Document Type thesis Author Name Liu, Jie URN etd-0501102-110350 Title Novel Bayesian Methods for Disease Mapping: An Application to Chronic Obstructive Pulmonary Disease Degree MS Department Mathematical Sciences Advisors Balgobin Nandram, Advisor Homer Walker, Department Head Keywords latent class model poisson regression model Metropolis-Hastings sampler order restriction disease mapping Date of Presentation/Defense 2002-04-24 Availability unrestricted Abstract
Mapping of mortality rates has been a valuable public health tool.
We describe novel Bayesian methods for constructing maps which do
not depend on a post stratification of the estimated rates.
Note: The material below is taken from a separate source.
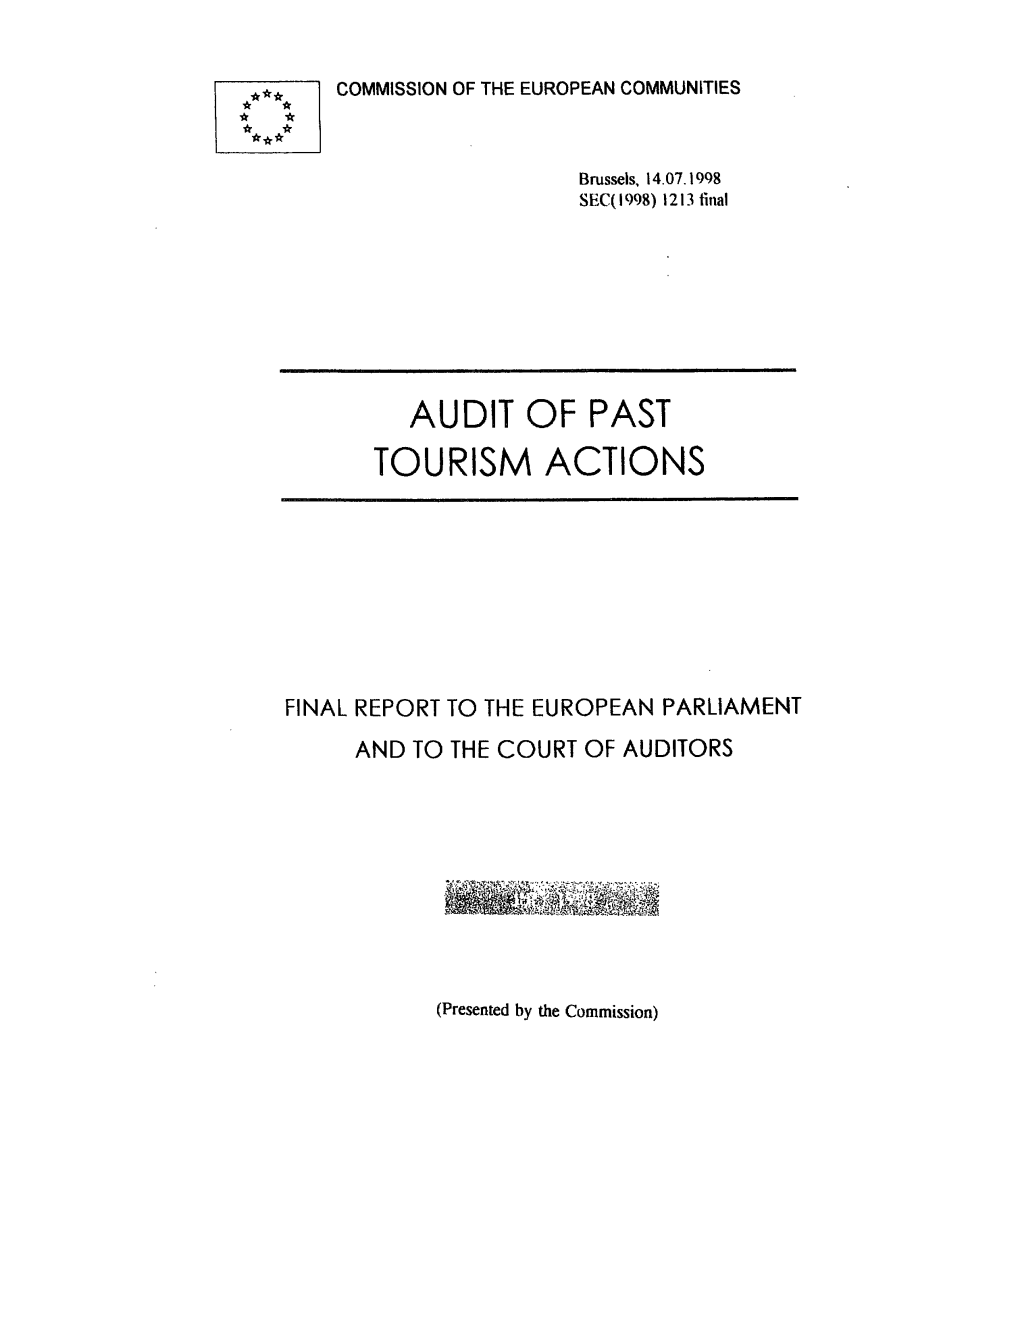 Audit of Past Tourism Actions

We also
construct posterior modal maps rather than posterior mean maps. Our
methods are illustrated using mortality data from chronic obstructive
pulmonary diseases (COPD) in the continental United States.
Poisson regression models have attracted much attention in the
scientific community for their superiority in modeling rare events
(including mortality counts from COPD). Christiansen and Morris (JASA 1997)
described a hierarchical Bayesian model for heterogeneous Poisson
counts under the exchangeability assumption. We extend this model
to include latent classes (groups of similar Poisson rates
unknown to an investigator).
Also, it is standard practice
to construct maps using quantiles (e.g., quintiles) of the estimated
mortality rates. For example, based on quintiles, the mortality rates
are cut into 5 equal size groups, each
containing $20\%$ of the data, and a different color is applied
to each of them
on the map. A potential problem is that, this method assumes an equal
number of data in each group, but this is often not the case.
The latent class model produces a method to construct
maps without using quantiles, providing a more natural
representation of the colors.
Typically, for rare events, the posterior densities of the rates are
skewed, making the posterior mean map inappropriate and inaccurate.
Thus, although it is standard practice
to present the posterior mean maps, we also develop a method to
provide the joint posterior modal map (i.e., the map with the highest
posterior probability over the ensemble).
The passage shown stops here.